Task goal:
The required answer is the data below, restated word for word with images omitted.

Given data:
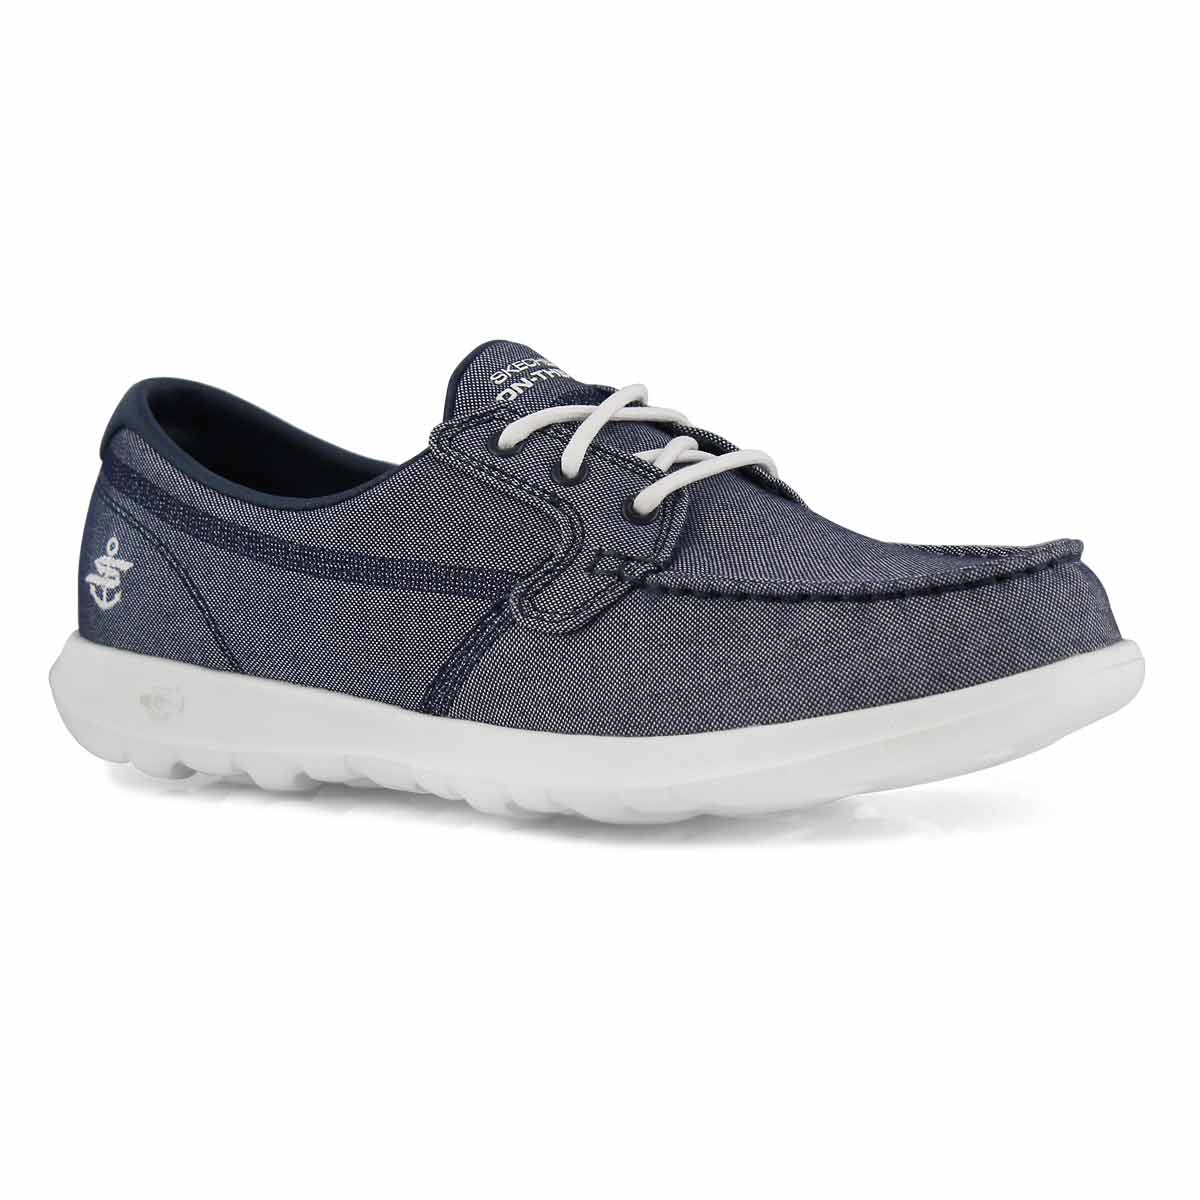 Lds GOwalk Lite navy boat shoe
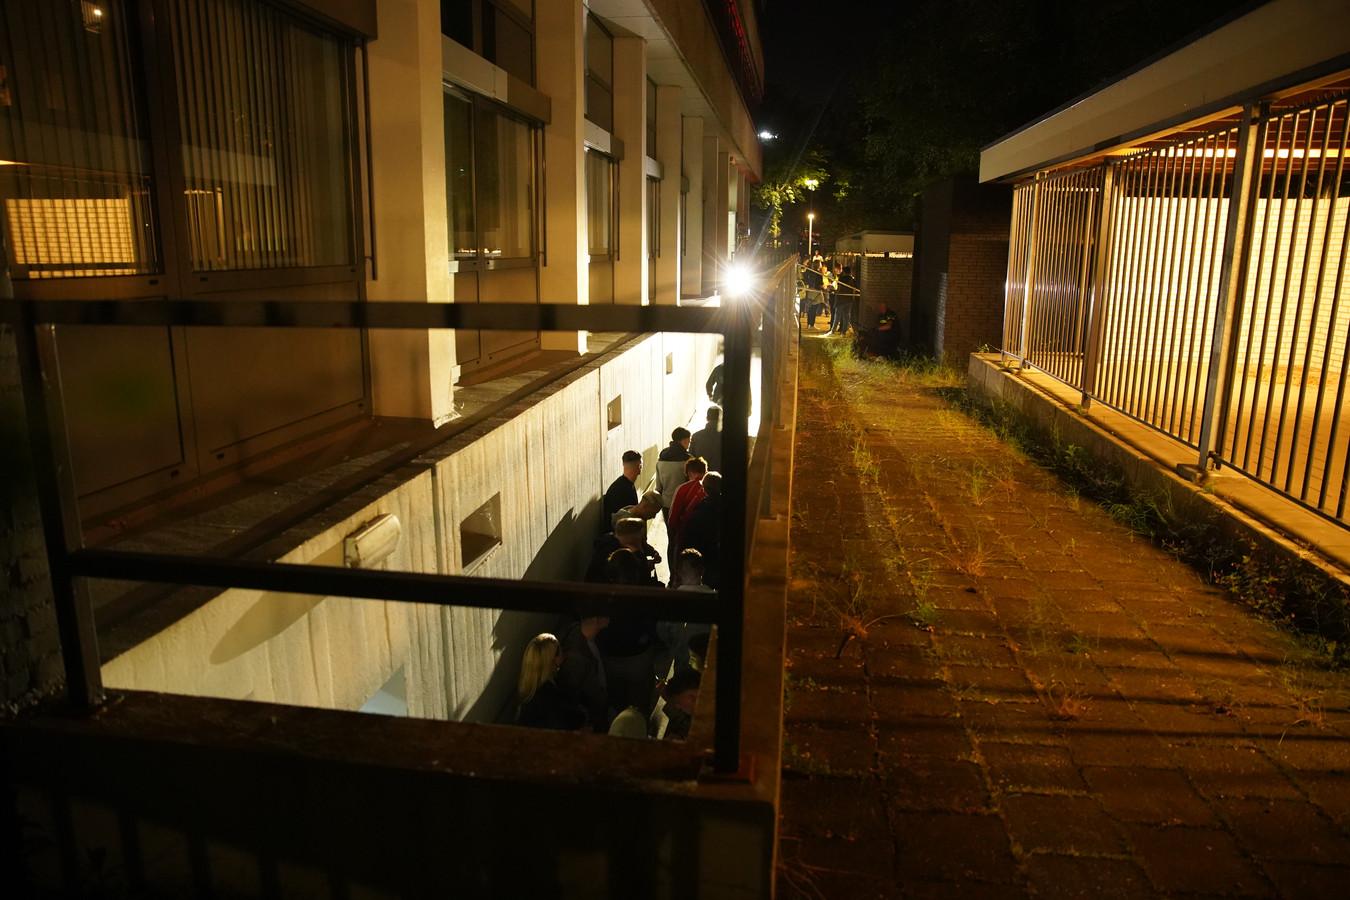 Politie grijpt in Deventer in bij een illegaal feest in een kelder van een kantoorpand aan de Verzetslaan. Honderden jongeren worden op de bon geslingerd in de sluis die het pand uitleidt.
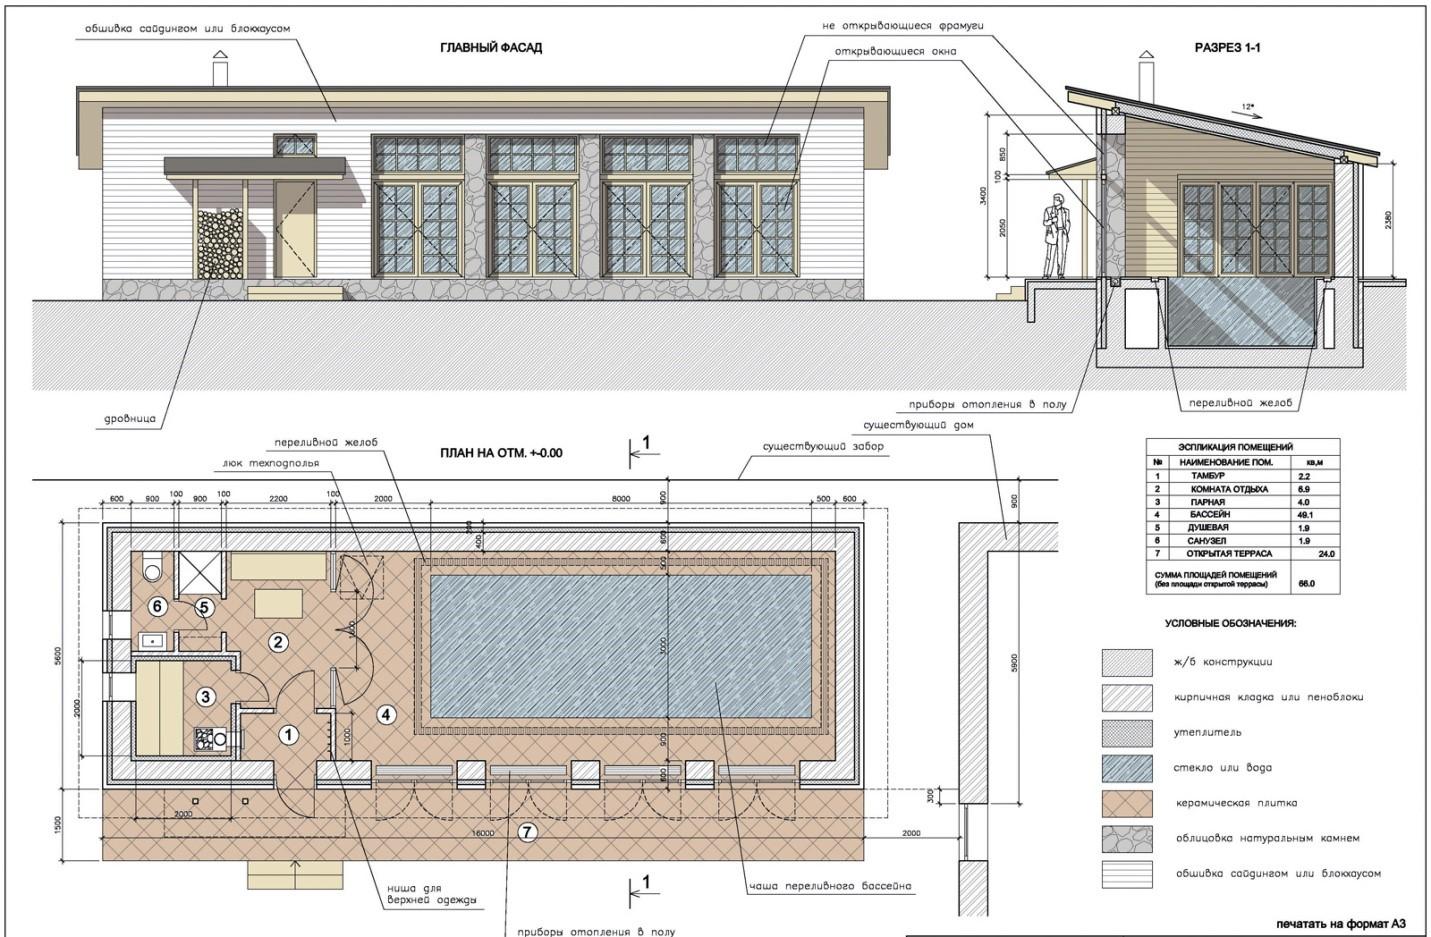 Разработка индивидуального проекта защитного покрытия для бассейна
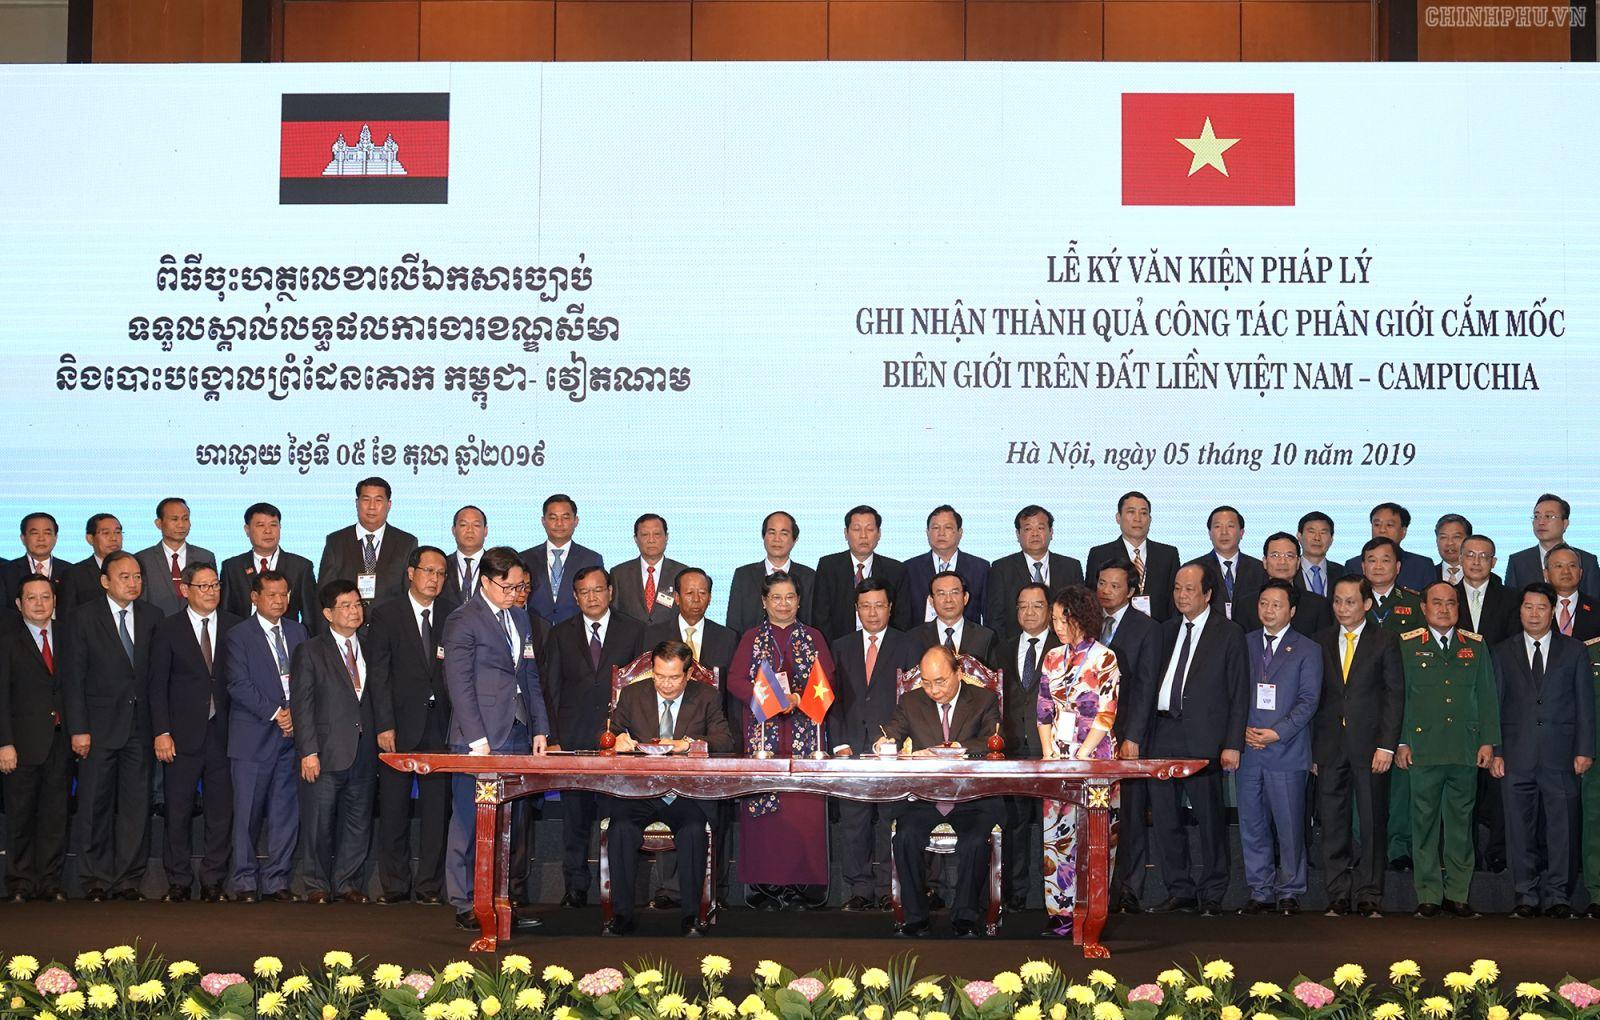 Thủ tướng hai nước ký Hiệp ước bổ sung Hiệp ước Hoạch định biên giới quốc gia năm 1985 và Hiệp ước bổ sung năm 2005 giữa Việt Nam và Campuchia. Ảnh: VGP/Quang Hiếu

Your response:
 Lds GOwalk Lite navy boat shoe
 Politie grijpt in Deventer in bij een illegaal feest in een kelder van een kantoorpand aan de Verzetslaan. Honderden jongeren worden op de bon geslingerd in de sluis die het pand uitleidt.
 Разработка индивидуального проекта защитного покрытия для бассейна
 Thủ tướng hai nước ký Hiệp ước bổ sung Hiệp ước Hoạch định biên giới quốc gia năm 1985 và Hiệp ước bổ sung năm 2005 giữa Việt Nam và Campuchia. Ảnh: VGP/Quang Hiếu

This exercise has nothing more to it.